При всей мудрости такого решения все же из дому они выехали в конной коляске и догнали обоз только под Тулой, где кончались хорошие дороги. Прощание с родным городом было трогательным, как никогда, что объяснялось не длительностью разлуки, а тревожащей дальностью поездки. Остановившись у околицы, они вышли из коляски и долго смотрели на нагромождение зданий, на многажды виденные картины, на группы построек, на отдельные дома, окутанные теперь дымкой майского утра, и им казалось, что над Москвой был простелен охранный полог. Они испытывали невольную дрожь оттого, что сами-то из-под этого полога выехали, оставшись без его защиты.
Они словно посылали Москве благословение и наказ крепко стоять в днях и веках, чтобы уверенно встретить их возвращение. И вместе с тем брали с собой частицу ее невидимых материй, как залог их неразрывности и как опору свою на земле.
Это походило на укол ностальгии, на крик отрываемой от корня души, привыкшей к месту, на щекочущий страх перемен. Так играло с ними воображение, и игра эта была характерной для любого, кто вознамерился уехать от дома далеко-далеко.
Зато настроения они испытывали разные. Дарий Глебович изо всех сил подбадривал себя, хвалил за решимость, за оригинальность выдумки, за отвагу, что придумал это странствие, дабы избавиться от угнетающей тоски по жене. И вот как раз пуще всего жила в нем надежда на выздоровление, на воскрешение его души, на возрождение в нем увлеченности жизнью. А Гордей был исполнен энергии, горел любознательностью и жаждой познания, как малый щенок на прогулке по незнакомым местам.
— Как велика Россия, отец! И как разнообразна! — восклицал он, восторженно вертя головой по сторонам. — Как трудно привыкать к громадным расстояниям, к открытым просторам!
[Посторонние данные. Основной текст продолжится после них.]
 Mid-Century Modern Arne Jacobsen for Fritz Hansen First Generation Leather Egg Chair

— Именно так и есть, — поддакивал отец. — Нам надлежит гордиться своей страной, дружок, и государями нашими, что собрали ее воедино.
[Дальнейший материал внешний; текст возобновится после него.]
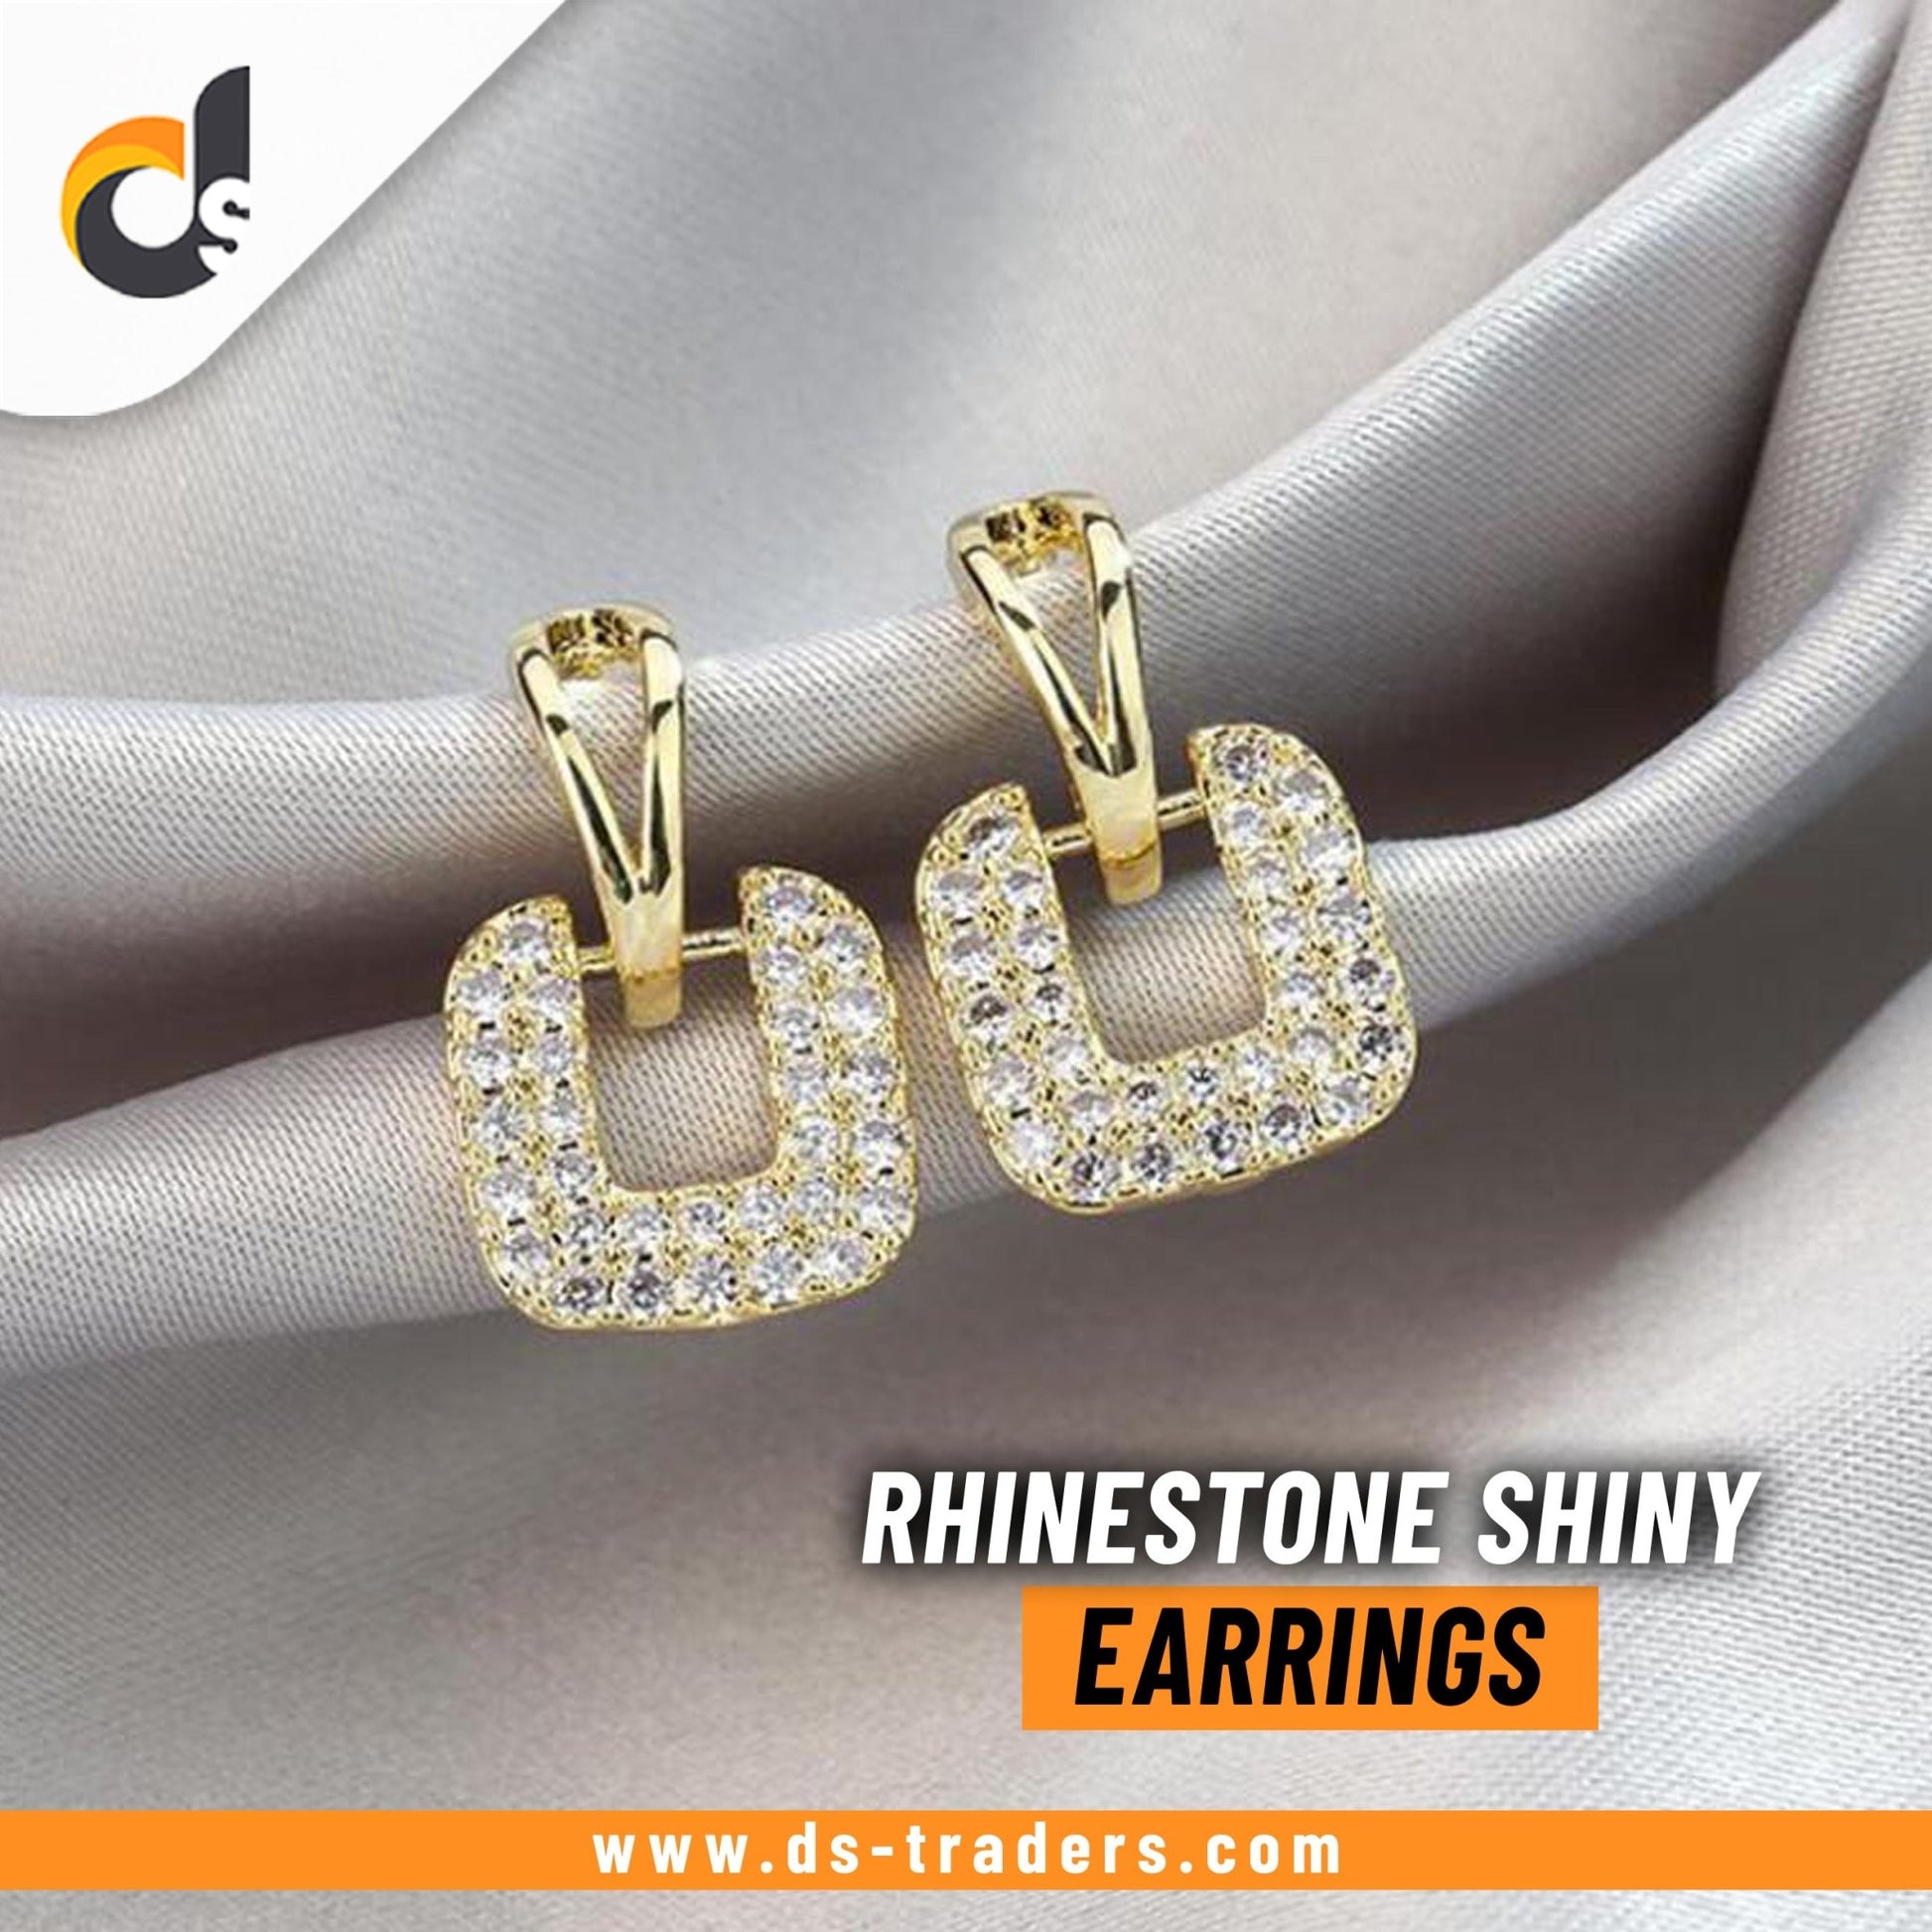 Rhinestone Shiny Earrings - DS Traders

— И как прекрасно, что я ее увижу. Хотя и не всю. А мы поедем после этого в Сибирь?
От Сибири Дарий Глебович отговаривался, объясняя, что этот суровый край для праздных поездок не приспособлен. Сибирь не зря манила Гордея: по семейному преданию, оттуда шли корни материнского рода. Доказательством служила фамилия ее родителя — Паратов{5}, которая, если переложить ее на русский манер, звучала бы как Быстров или Дюжев.
Знакомство с Пушкиным
Отец и сын Диляковы, проникшись всеобщим оживлением в природе, всю дорогу заинтересованно беседовали. Одно время вспоминали о Пушкине, которым до крайности был увлечен Гордей, а потом Дарий Глебович незаметно перевел празднословие на себя, как, собственно, и бывает, в пути. Путешественники ехали на юг, так что их единственным развлечением, кроме разглядывания и обсуждения разворачивающихся вдоль дороги окрестностей и событий, оставались беседы.
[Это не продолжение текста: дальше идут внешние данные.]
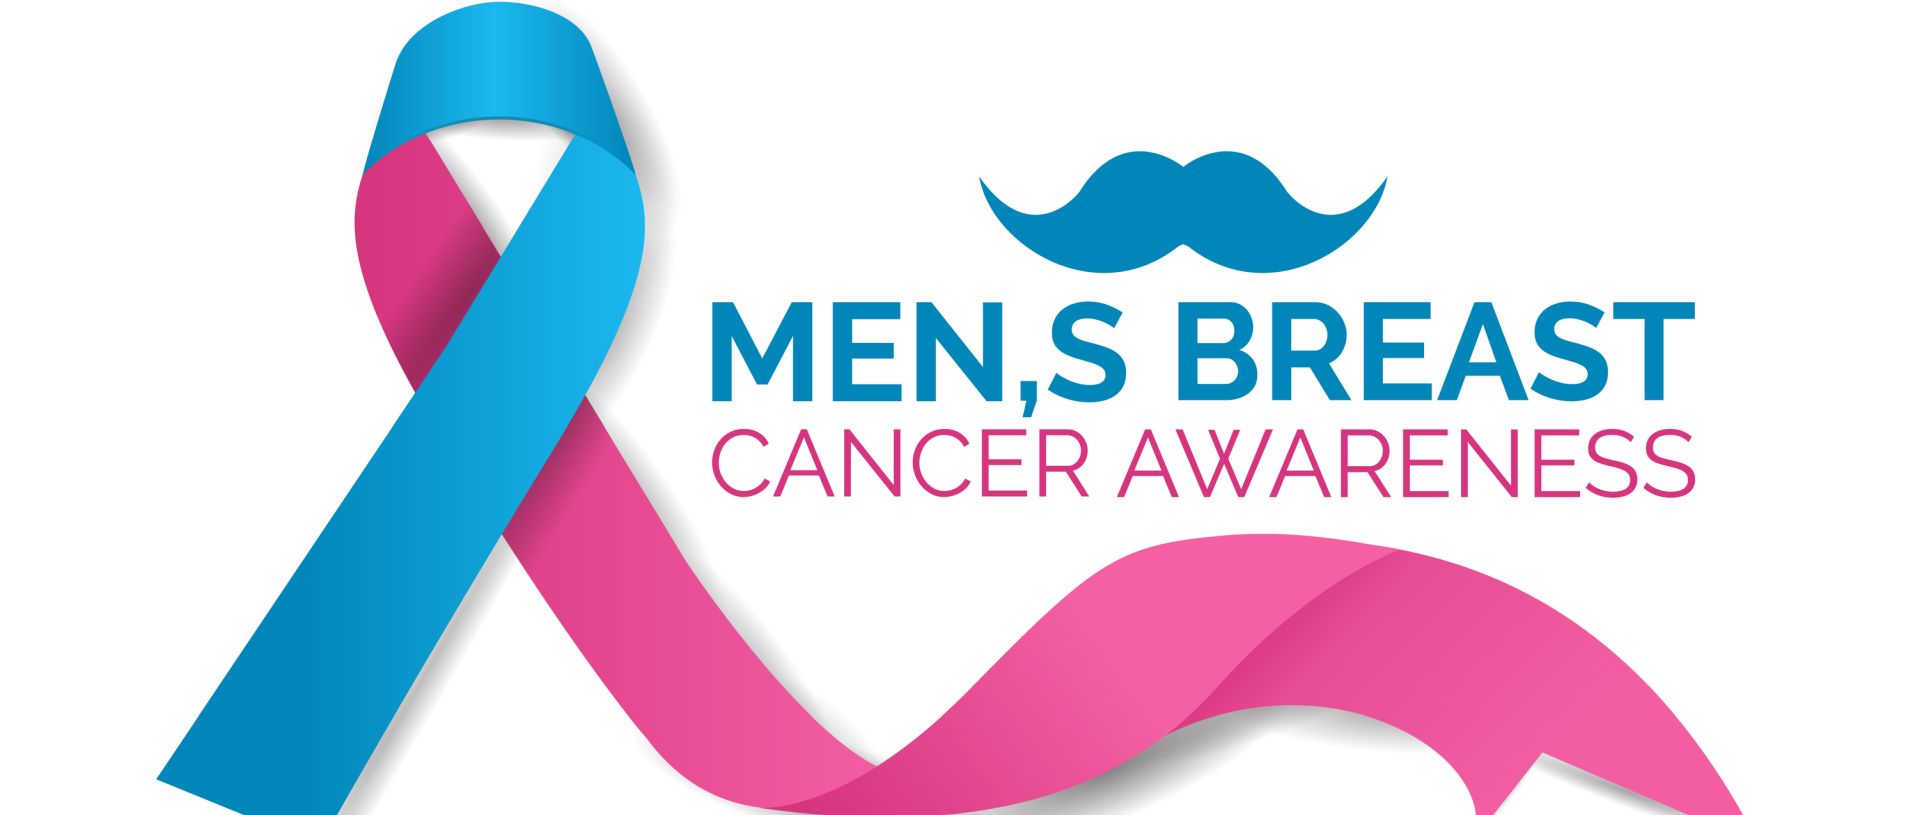 Men's breast cancer awareness.

— Впервые я познакомился с Александром Сергеевичем, твоим, мой друг, кумиром, в ранней молодости, когда только начинал практиковать в медицине и ехал на Кавказские минеральные воды в поисках жизненного и профессионального опыта. Я тогда недавно окончил Московский университет, получил хорошую практику у профессора Эриха Липпса, проработав у него два года в качестве ассистента, и имел основание верить в собственные силы и надеяться на счастье. Мне шел двадцать седьмой год, и я хотел обзавестись интересными, перспективными и полезными знакомыми, с которых бы в будущем мог сформироваться круг моих московских пациентов. Жизнь казалась бесконечной и прекрасной. И все это было у меня впереди, — рассказчик замолчал и опустил голову, выдернул из подстилки сухую ароматную соломинку, начал мять ее в пальцах.